And yes we're using 250Hz in combination with "CONFIG_NO_HZ_IDLE" (disable ticks on idle CPU cores), which is a good trade-off of timer accuracy and wake-ups per seconds (which are costly, CPU and power wise (only the former is really important for PVE, the latter is more for mobile devices).

We're using dynamic ticks now, so you get already anything between 100 and 1500, depending on needs, see:
https://elinux.org/Kernel_Timer_Systems#Dynamic_ticks

mainly it comes from that zfs does not give back the scheduler to the disk io back to kernel and so it freezes

Sounds like a bug in ZFS, which you could report to ZFS on Linux, such a thing would be a general issue and not solved by increasing timer ticks, maybe reduced in chance but that's never a solution for such bugs.

120s comes 100% from zfs ..

It can come from ZFS (never state that it couldn't be from ZFS) and does in your and some other cases, but it also can come from bugs in certain NICs or their driver/firmware (which you will also find reports here) or from anything else, well, blocking for longer than 120s, like doing IO on a dead NFS mount.
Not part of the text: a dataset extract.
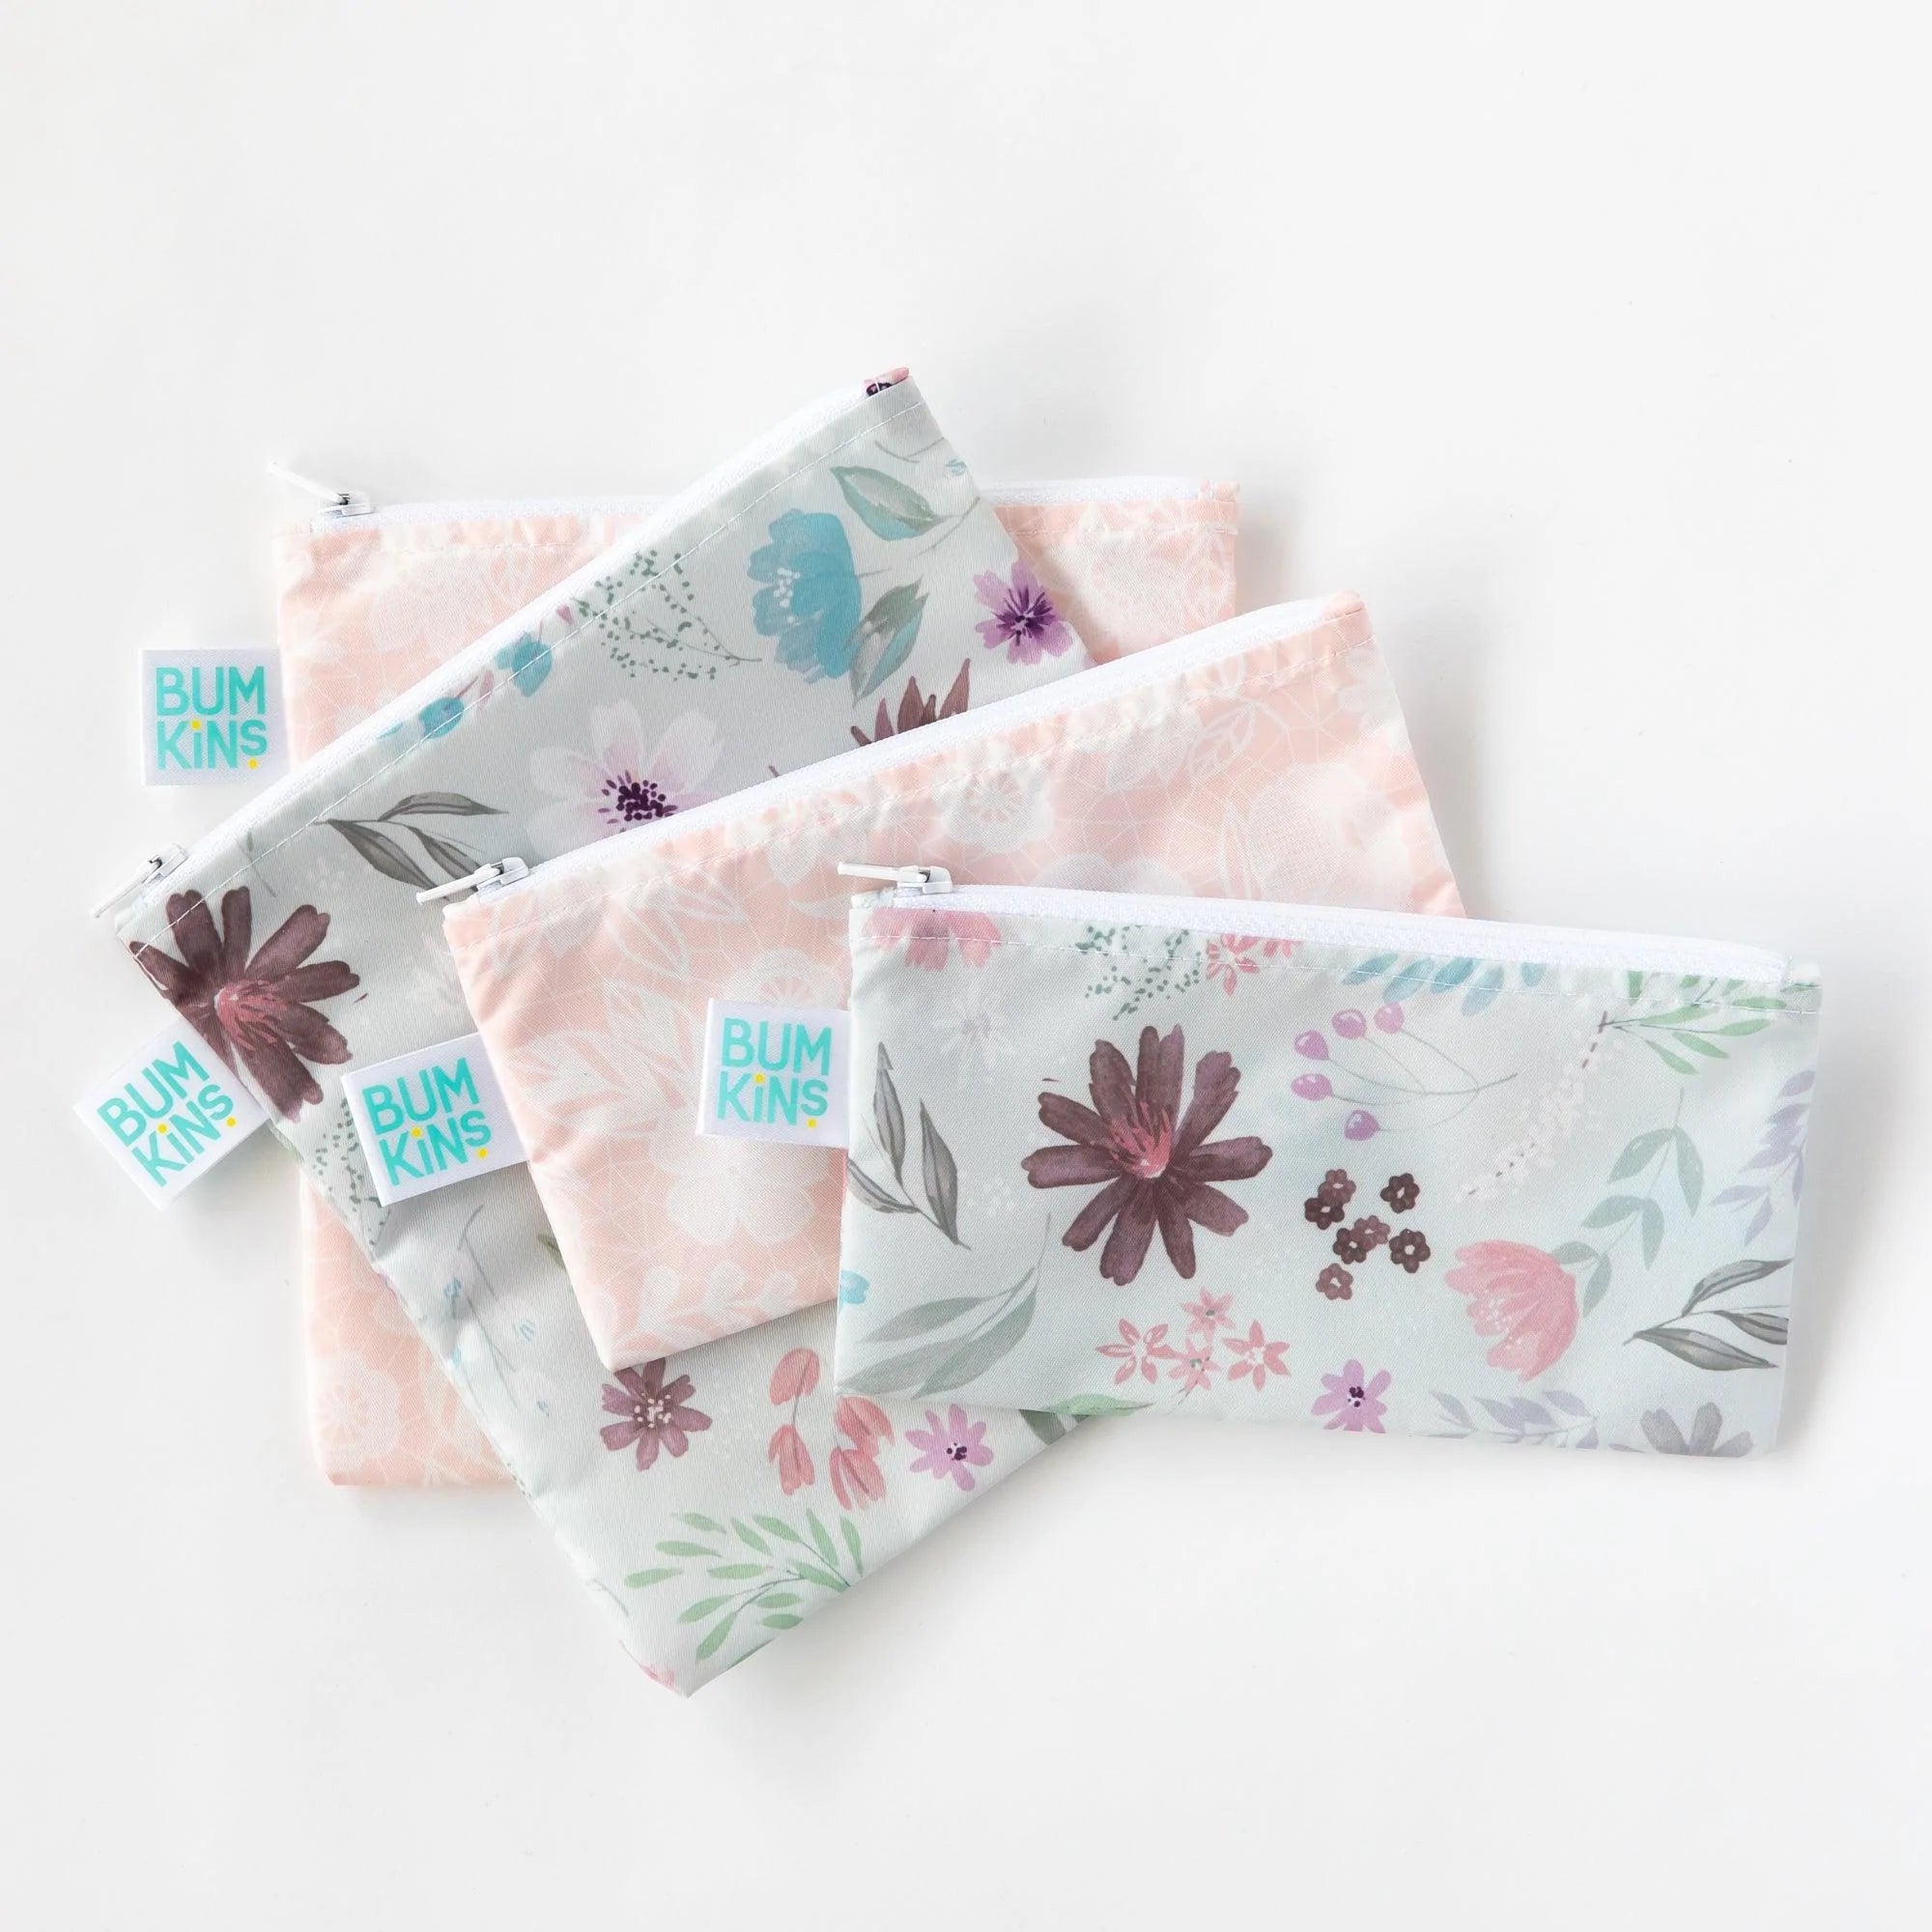 Reusable Snack Bag, Small 2-Pack: Floral & Lace - Bumkins

Also the ZFS one can come from different issues (that's what I tried to say in my last reply), some of them already solved...

I have this issue on all my ZFS proxmox installations - just make a dd to a vm image and after several 10s fo GB it stops.

That's the issue, I cannot reproduce this:

Code:
# zfs create -V $[128 * 1<<30] toms-big-pool/foo                                                  # creates a vdev with ~130GB size
# dd if=/dev/urandom of=/dev/toms-big-pool/foo bs=1M count=$[1<<16]             # write random data (from urandom, so unblocked), ~ 64 GB
65536+0 records in
65536+0 records out
68719476736 bytes (69 GB, 64 GiB) copied, 543.355 s, 252 MB/s

or do you do something else? Clear steps for us to ensure there's no difference would be best for us to trying to reproduce this..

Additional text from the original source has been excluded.